# Problem
Please reproduce the data exactly, excluding any pictures it contains.

# Given information

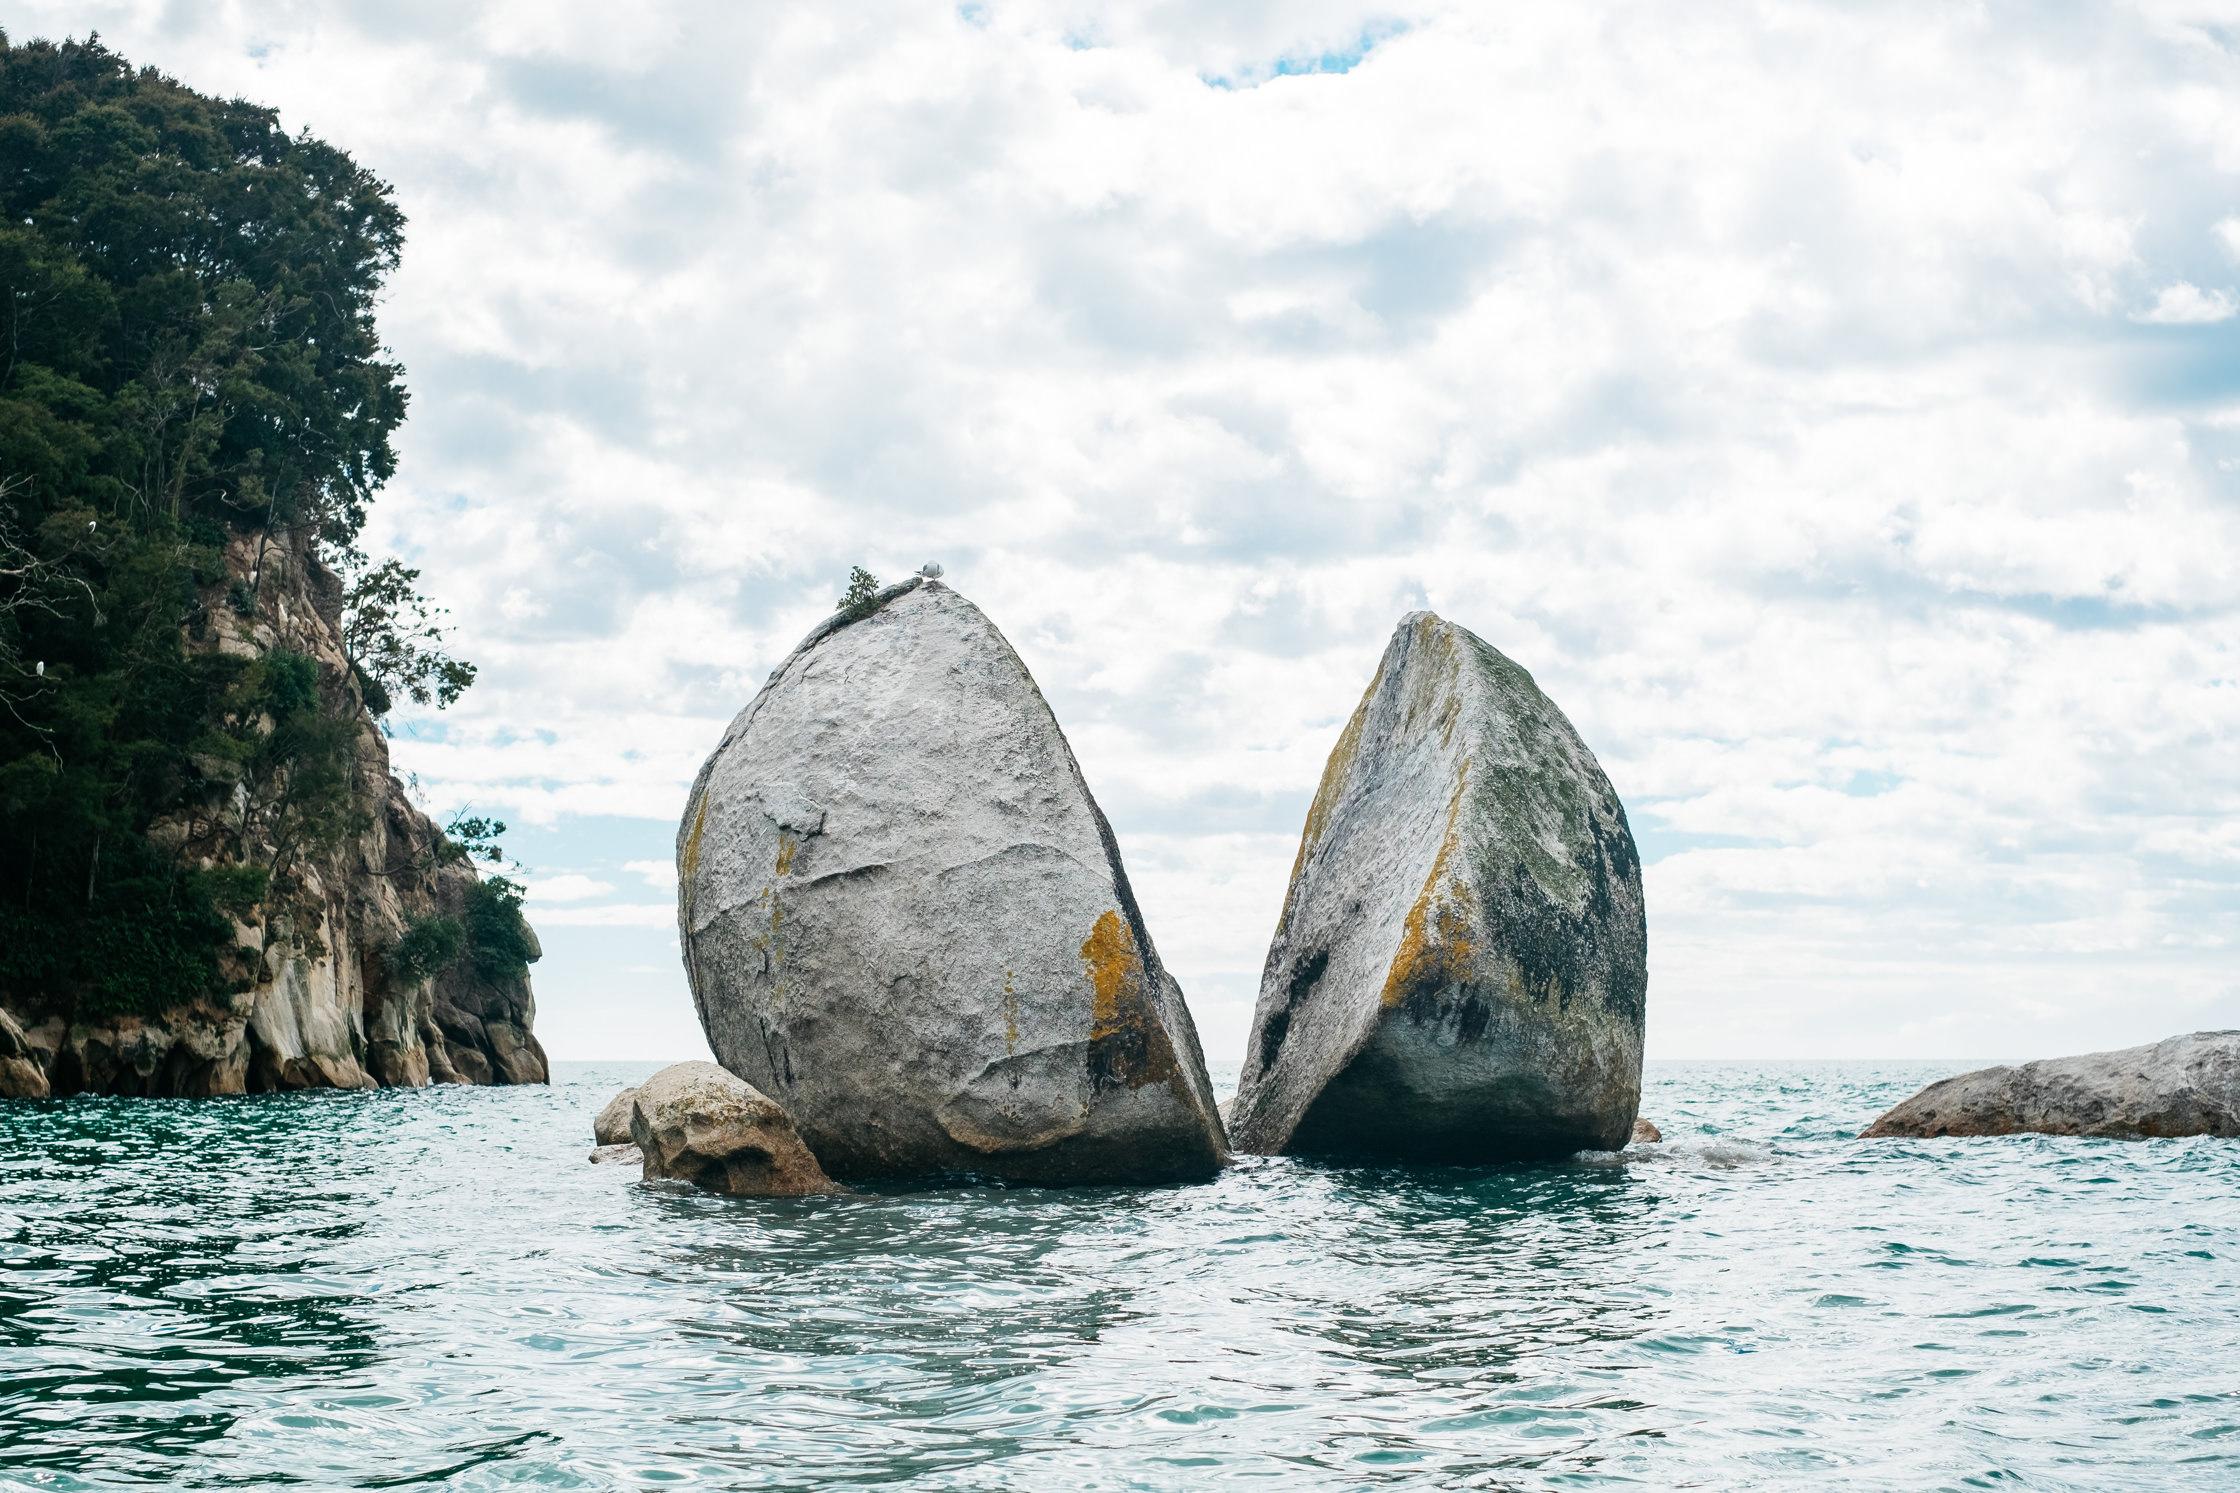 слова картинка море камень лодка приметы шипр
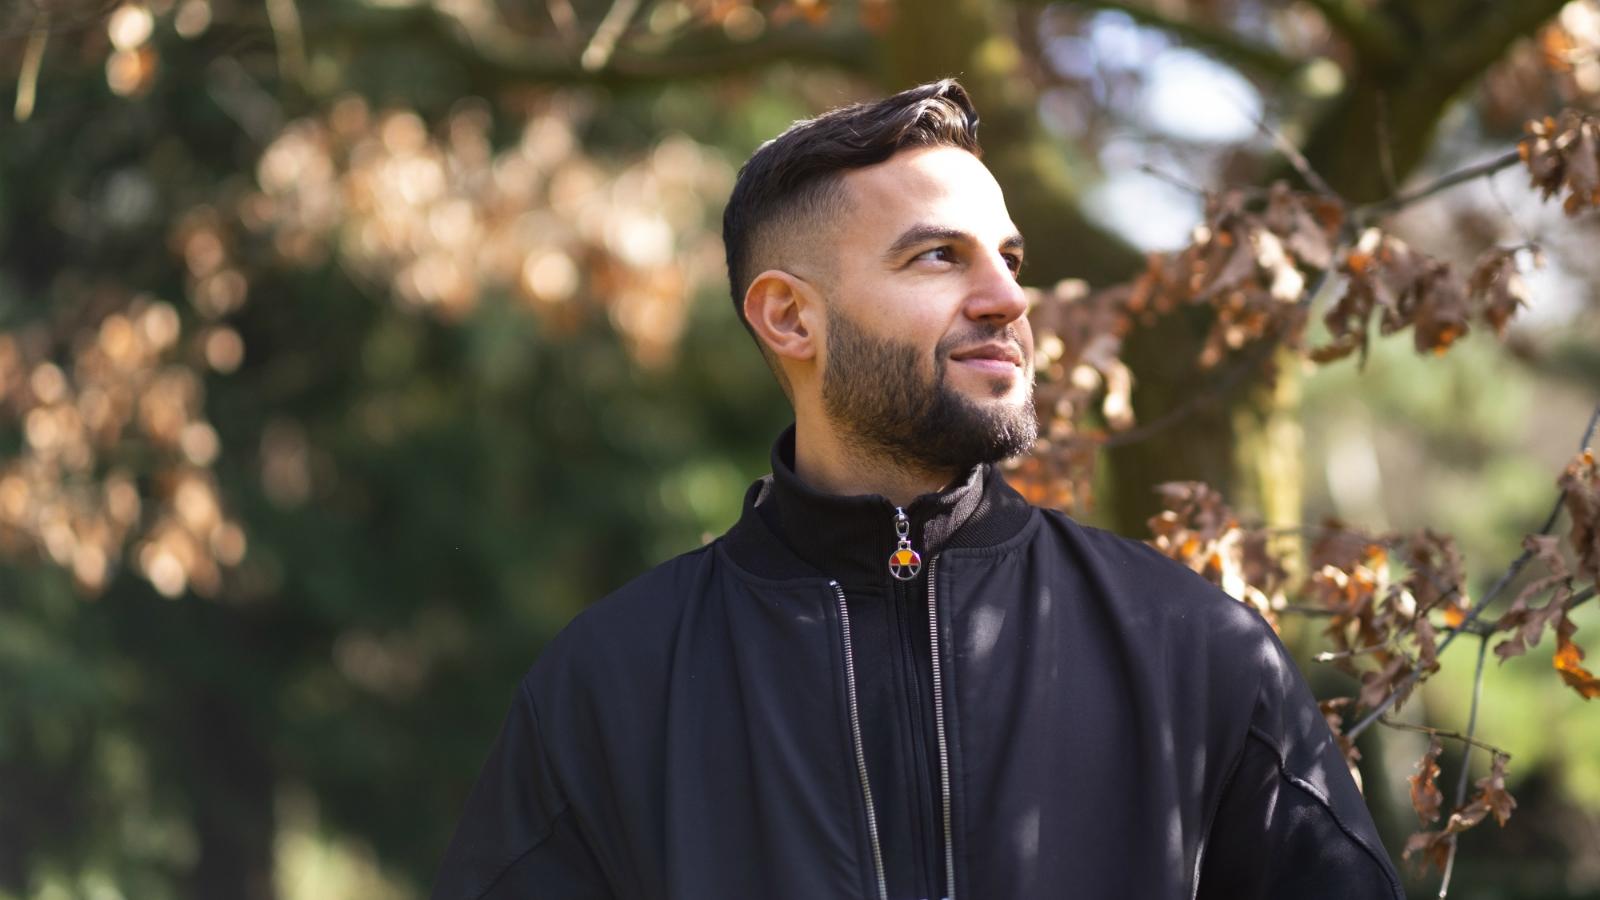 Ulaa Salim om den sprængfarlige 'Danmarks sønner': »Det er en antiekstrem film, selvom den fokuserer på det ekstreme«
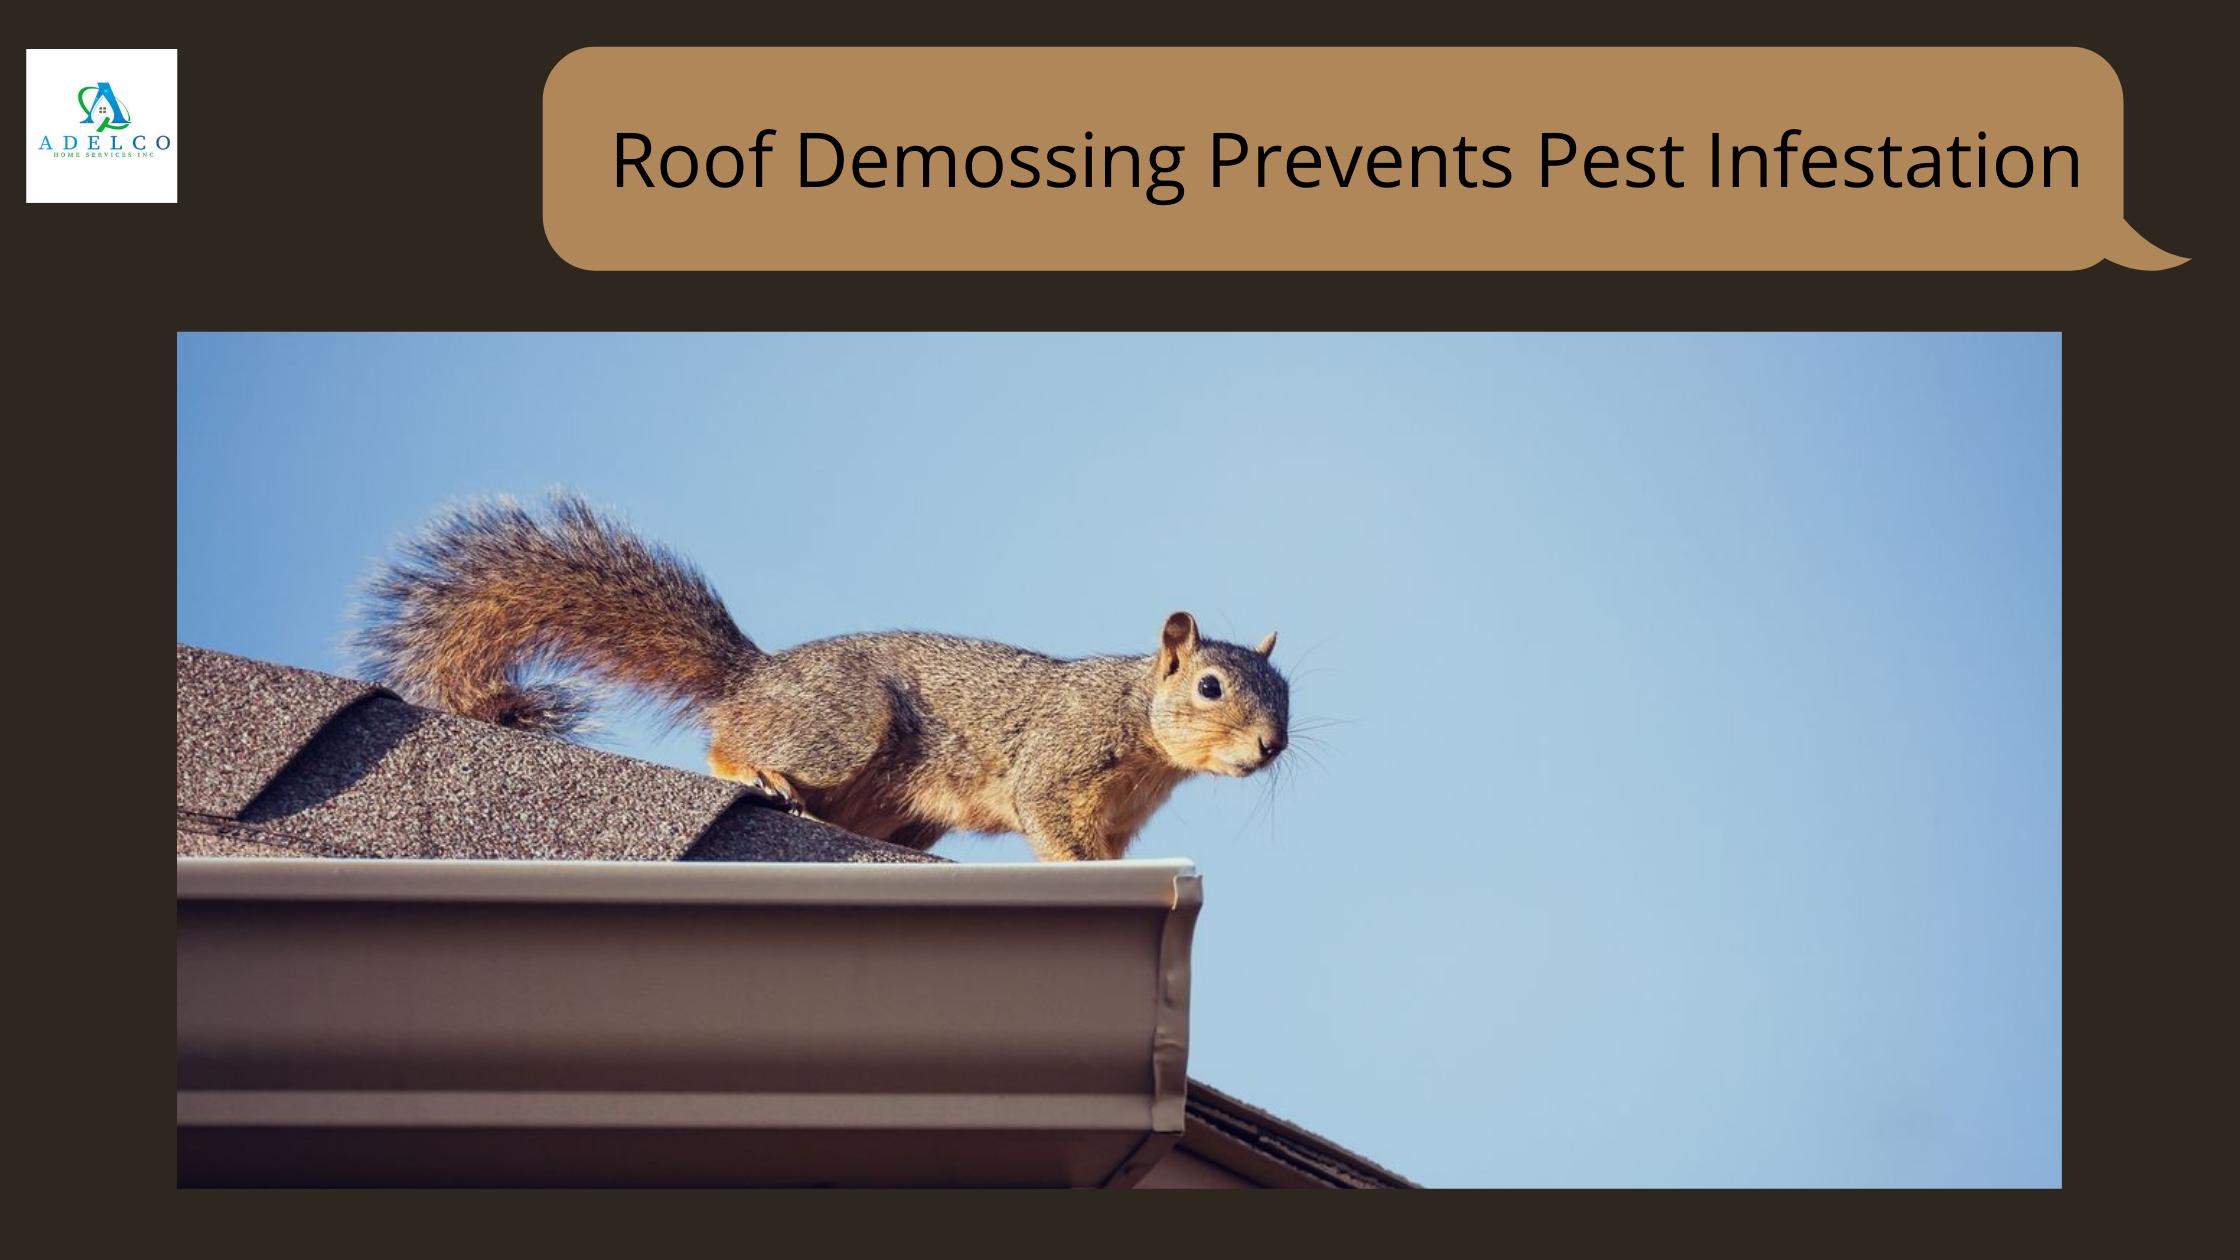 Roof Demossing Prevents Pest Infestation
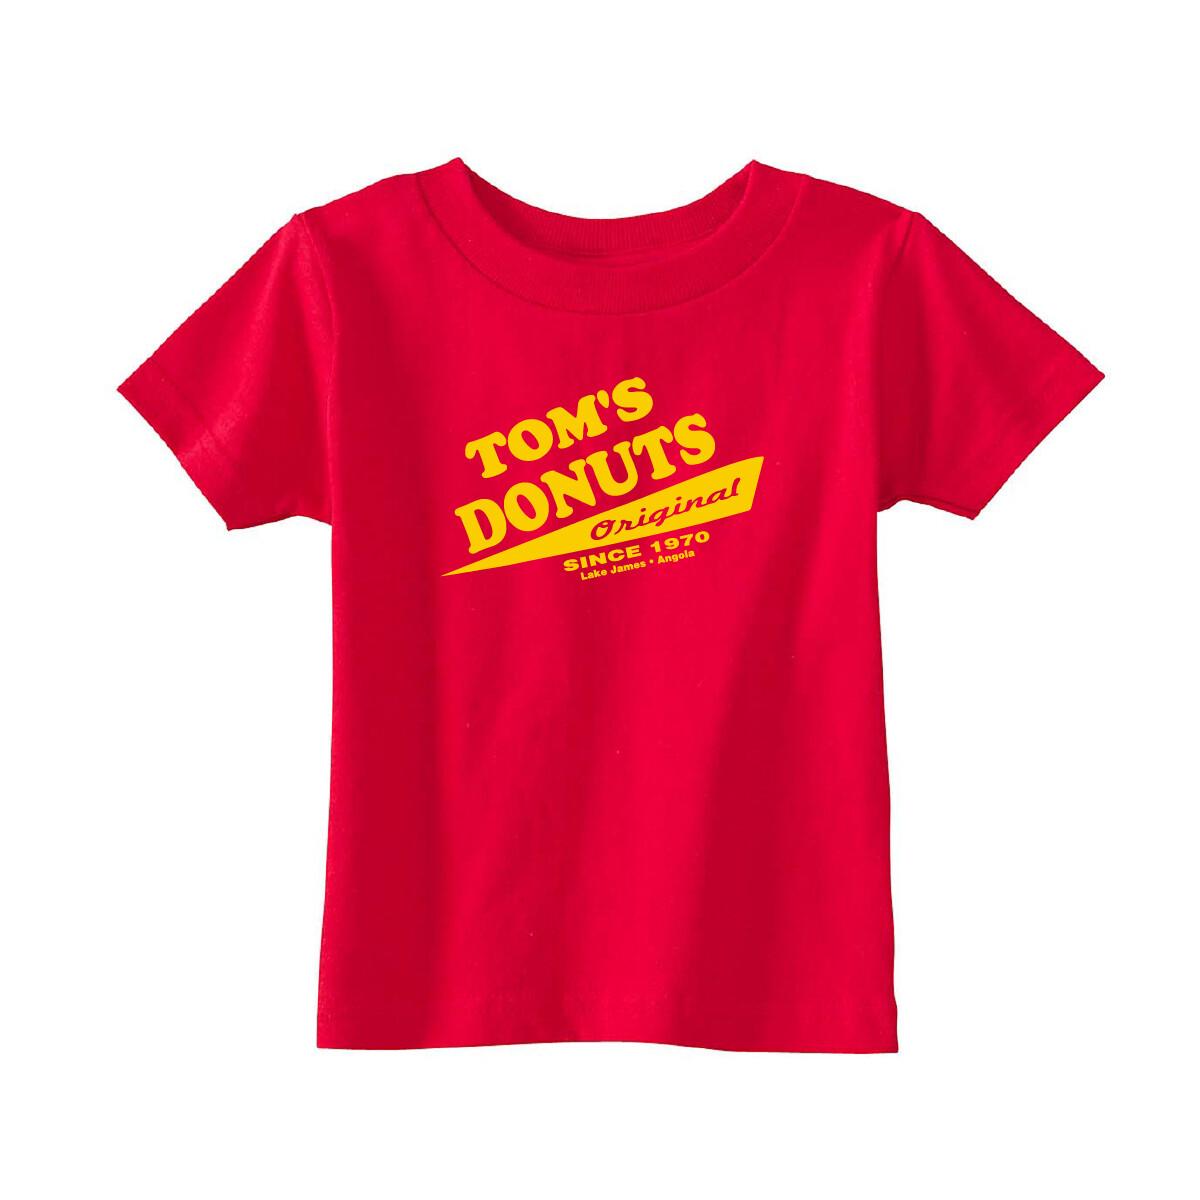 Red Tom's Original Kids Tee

# Answer to the problem
 слова картинка море камень лодка приметы шипр
 Ulaa Salim om den sprængfarlige 'Danmarks sønner': »Det er en antiekstrem film, selvom den fokuserer på det ekstreme«
 Roof Demossing Prevents Pest Infestation
 Red Tom's Original Kids Tee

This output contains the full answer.